CourtSupreme Judicial Court of Maine (US)
Citation2022 ME 16
Decision Date08 March 2022
Docket NumberYor-20-325

2022 ME 16



No. Yor-20-325

Supreme Court of Maine

March 8, 2022

Argued: November 4, 2021

Neal L. Weinstein (orally), appellant pro se

Janna L. Gau, Esq., and Alfred J. Falzone III, Esq. (orally), Eaton Peabody, Bangor and Portland, for appellees Old Orchard Beach Family Dentistry, LLC, and Marina Narowetz




[¶ 1] Neal L. Weinstein appeals from a judgment of the Superior Court (York County, Douglas, J.) dismissing Weinstein's seven-count complaint against Old Orchard Beach Family Dentistry, LLC, and Marina Narowetz. Weinstein challenges the court's dismissal of portions of four of those counts based on the application of 14 M.R.S. § 556 (2021) and argues that the court erred by dismissing the remainder of his complaint pursuant to M.R. Civ. P. 12(b)(6). We affirm the judgment.

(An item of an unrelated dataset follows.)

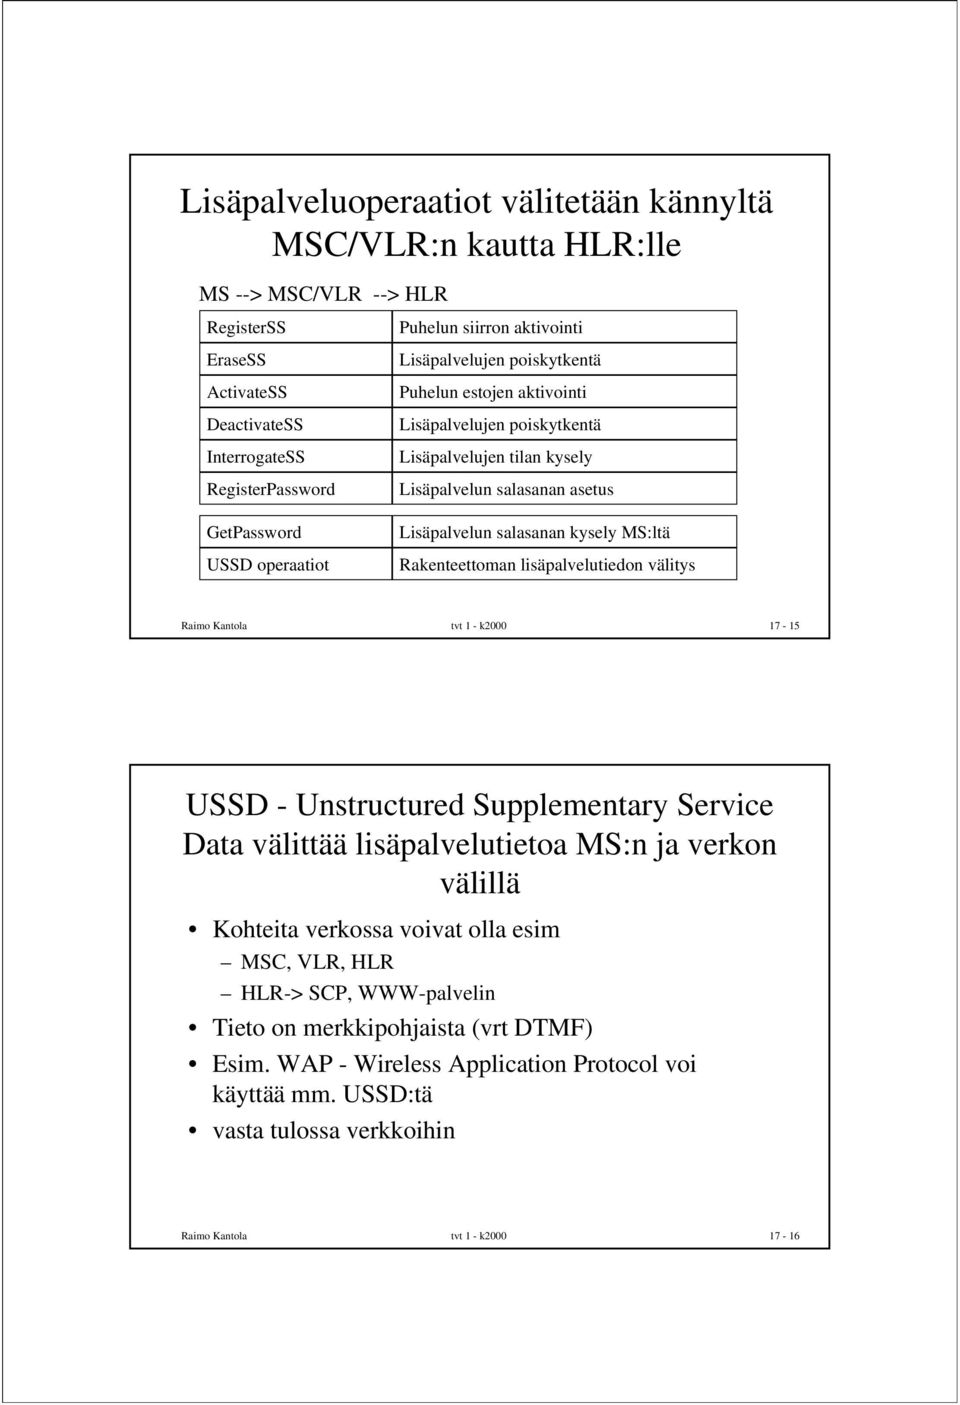 Rakenteettoman lisäpalvelutiedon välitys Raimo Kantola tvt 1 - k2000 17-15 USSD - Unstructured Supplementary Service Data välittää lisäpalvelutietoa MS:n ja verkon välillä Kohteita verkossa

[¶ 2] In 2020, Weinstein, an attorney, filed a complaint against Marina Narowetz, DDS, and her dental practice, Old Orchard Beach Family Dentistry,


LLC (collectively, Narowetz). Weinstein alleged that, in response to Narowetz's handling of Weinstein's request for the dental records of his client, he had filed a complaint against Narowetz with the Board of Dental Practice, [1] prompting Narowetz to file complaints against him with the Maine Board of Overseers of the Bar, the Massachusetts Board of Bar Overseers, and the United States Postal Service. Based on statements that Narowetz made in her written answer to and testimony before the Board of Dental Practice and in her complaints to the Boards of Overseers and the Postal Service, Weinstein alleged seven counts: (1) libel, (2) slander, (3) defamation, (4) intentional infliction of emotional distress, (5) negligent infliction of emotional distress, (6) negligence, and (7) punitive damages.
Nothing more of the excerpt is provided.